Even as the benchmark indices are touching lifetime highs, India's biggest listed company by market capitalisation is struggling to feature on the returns charts.
Reliance Industries’ stock has shed about 13.6 per cent over the last three months, even the Sensex is up over 20.9 per cent during this period. Analysts at JPMorgan in a December 9 report highlighted that the stock underperformed the Nifty by 31 per cent over the last three months, its worst three-month underperformance in 13 years.
The reason for the underperformance, according to analysts, is lack of fresh triggers. Mayuresh Joshi, head of equity research at William O’Neil, says positives for the stock in terms of monetisation, deleveraging, and valuations for the two high growth businesses of retail and digital have already been priced in. While there are promise and incremental gains across its key segments, including listing of digital and retail assets, these could play out in the medium-term, he adds.

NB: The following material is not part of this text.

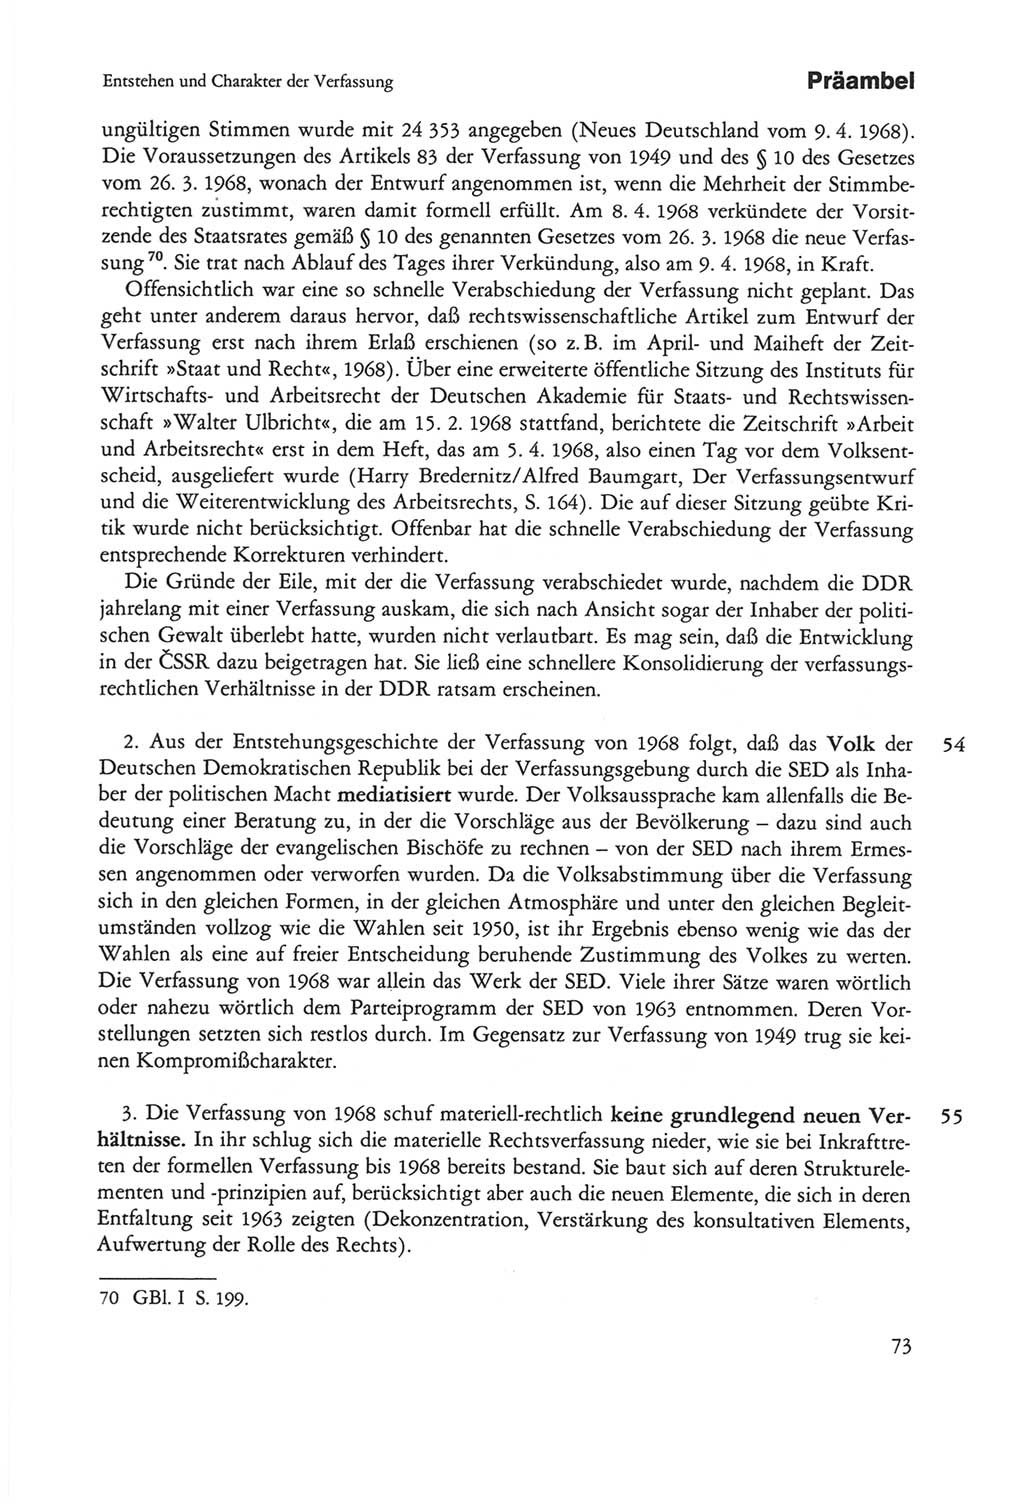 Die sozialistische Verfassung der Deutschen Demokratischen Republik (DDR), Kommentar mit einem Nachtrag 1997, Seite 73 (Soz. Verf. DDR Komm. Nachtr. 1997, S. 73)

For the digital segment, the uptick may come from subscriber gains and more importantly price hikes. While Bharti Airtel has been gaining higher share of overall subscribers, including broadband, analysts believe Reliance Jio will continue to gain from subscriber churn at Vodafone Idea. The addition to the subscriber base at 400 million may come from the launch of Jiophone and Jio Fiber. However, price hikes are seen by the Street as potentially a major trigger after the deleveraging exercise (raised Rs 1.52 trillion for a 34 per cent stake). Given the scale and cost efficiencies, a price hike will flow directly into operating profit, as well as earnings, as interest costs remain at minimal levels. A hike shall help Jio’s average revenue per user (ARPU), which at Rs 145, is 10.4 per cent lower than Bharti’s ARPU.
On the retail front, while the company has indicated the end of the fundraising for the retail venture after selling 10.09 per cent stake for nearly Rs 47,265 crore, any further monetisation at higher valuation can act as a trigger. Closure of the Future Retail deal, which is under litigation, scale-up of Jiomart, and market share gains given the ongoing consolidation are key positives for this vertical. Increase in footfall, higher share of operational stores, and ongoing expansion should aid both revenues and margins; analysts expect the latter to hit the high single-digit mark from 6.3 per cent, now.
While there are multiple medium-term triggers, without a price hike in telecom, there is little to support the stock price in the near term.